No pictures go into the copy. Write out exactly the lines below from the one containing "The outsole is" through the one containing "Art Nouveau Gilded".

[Entries shown]

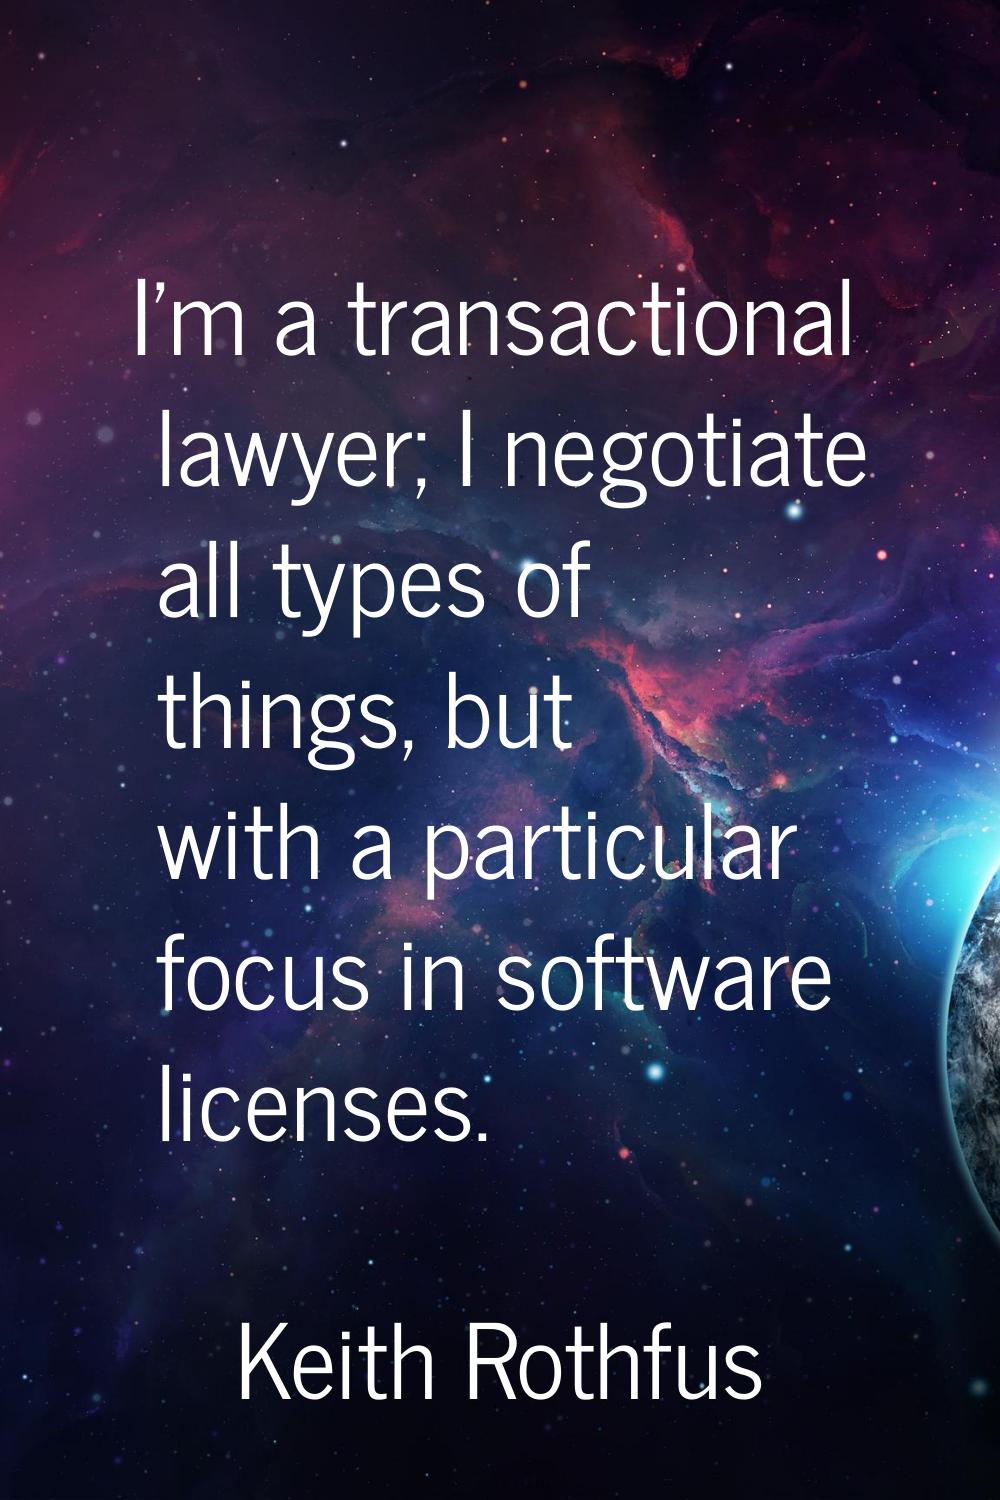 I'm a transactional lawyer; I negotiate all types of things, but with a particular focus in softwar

[/Entries shown]
[Entries shown]

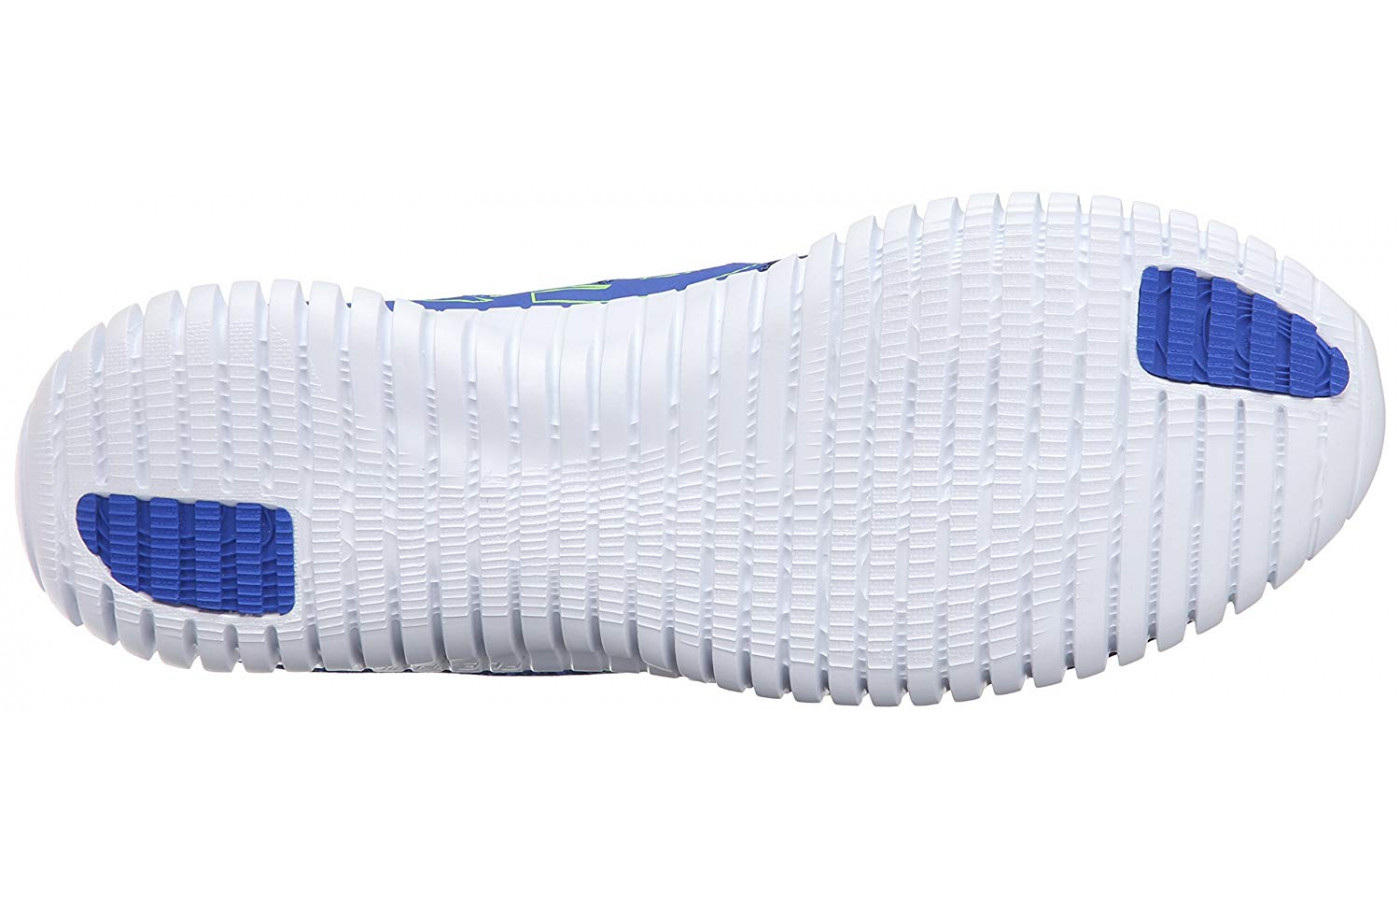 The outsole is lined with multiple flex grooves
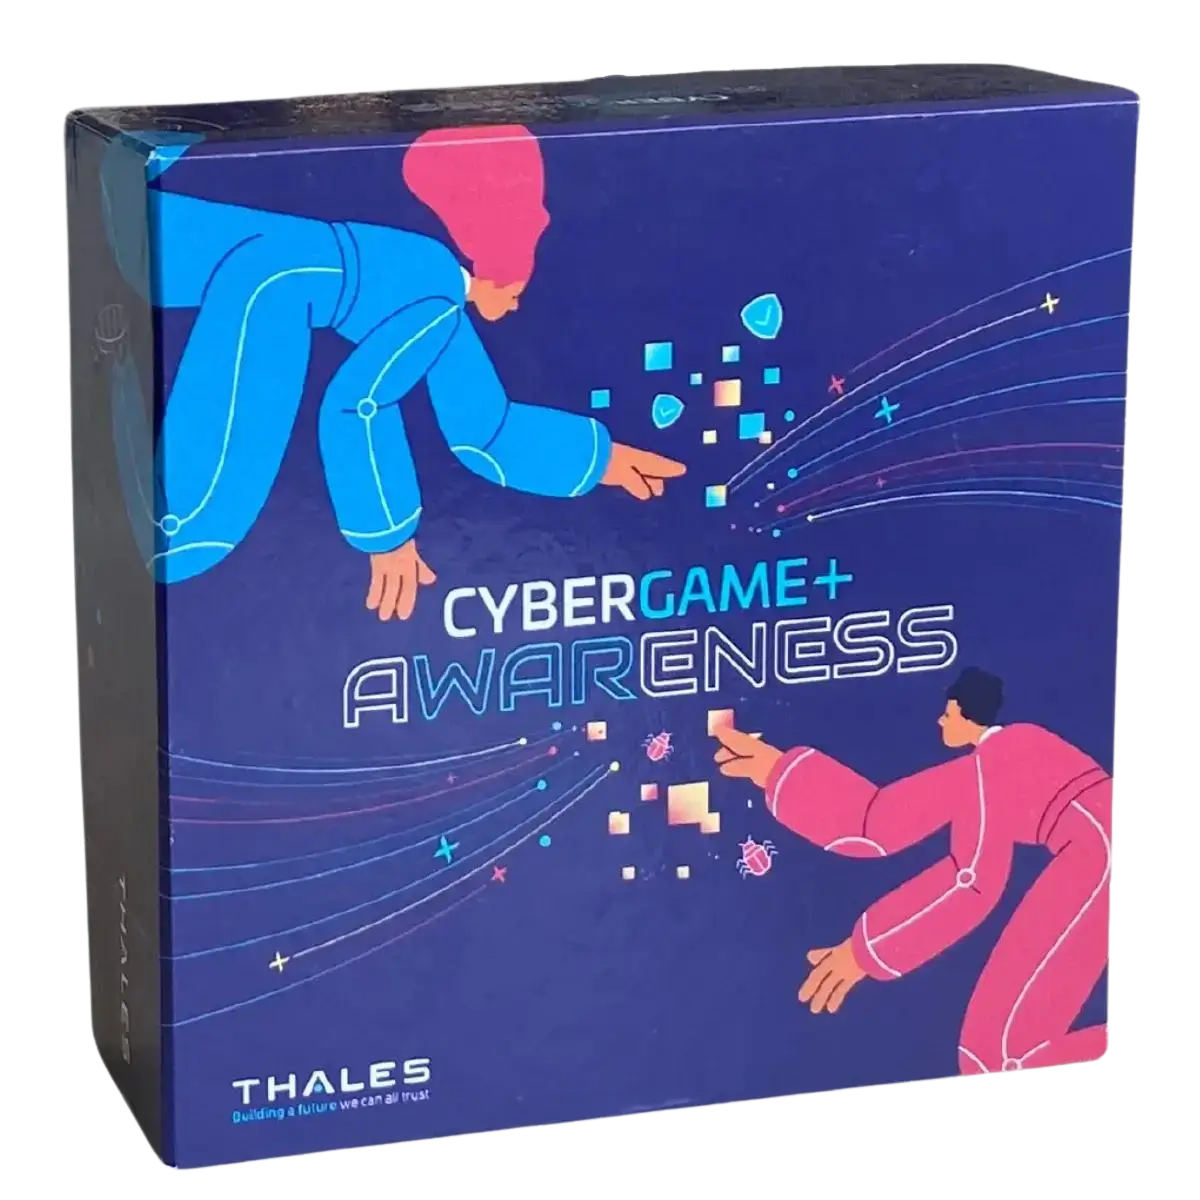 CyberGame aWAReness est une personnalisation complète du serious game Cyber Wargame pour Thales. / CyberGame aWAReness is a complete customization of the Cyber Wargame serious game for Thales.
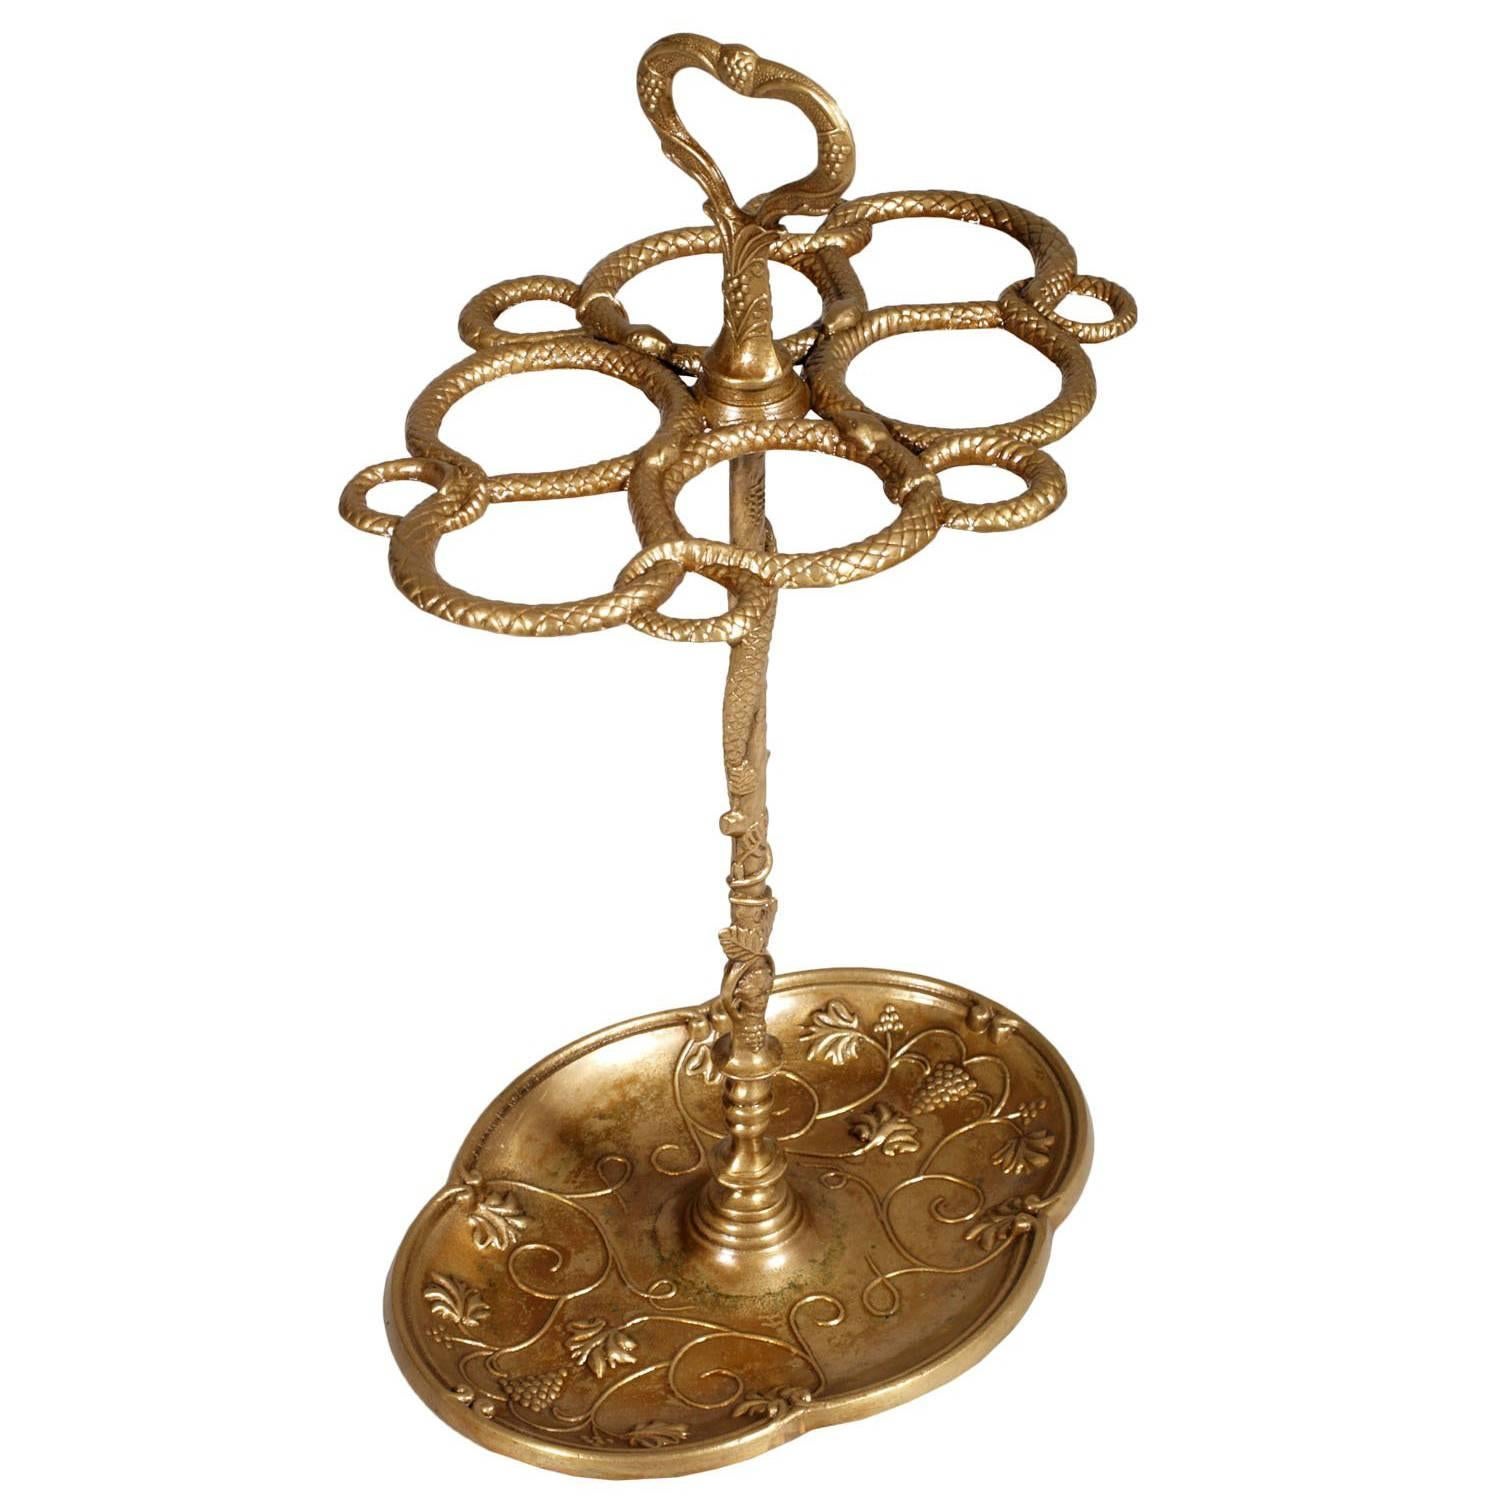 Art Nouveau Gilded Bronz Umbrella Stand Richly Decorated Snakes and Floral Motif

[/Entries shown]
[Entries shown]

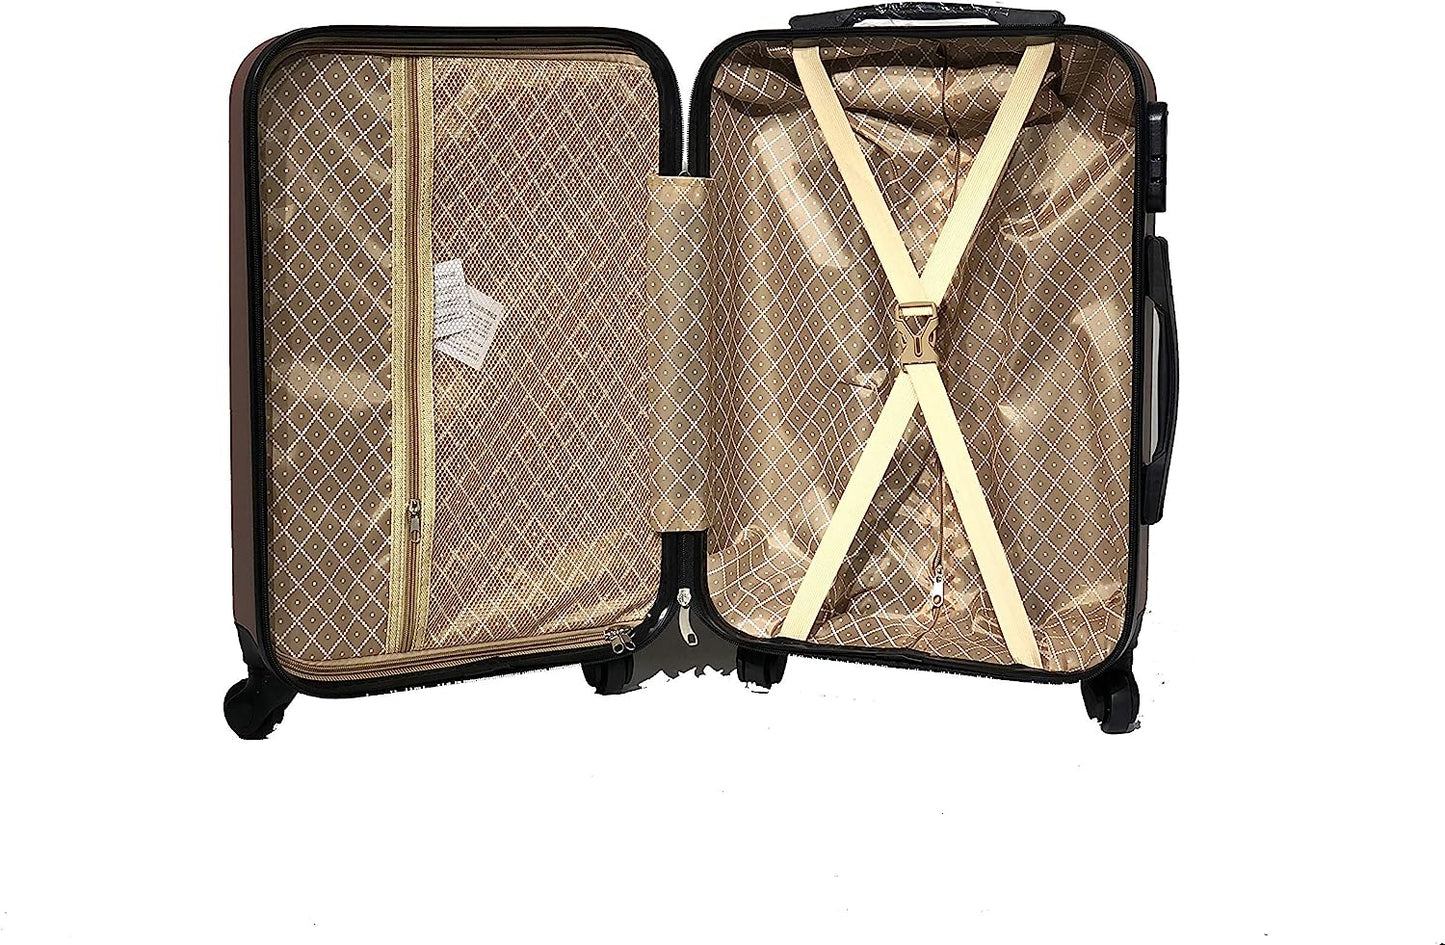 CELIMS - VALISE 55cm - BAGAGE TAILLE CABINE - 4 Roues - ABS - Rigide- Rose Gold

[/Entries shown]

▶ _Solution below_:
 The outsole is lined with multiple flex grooves
 CyberGame aWAReness est une personnalisation complète du serious game Cyber Wargame pour Thales. / CyberGame aWAReness is a complete customization of the Cyber Wargame serious game for Thales.
 Art Nouveau Gilded Bronz Umbrella Stand Richly Decorated Snakes and Floral Motif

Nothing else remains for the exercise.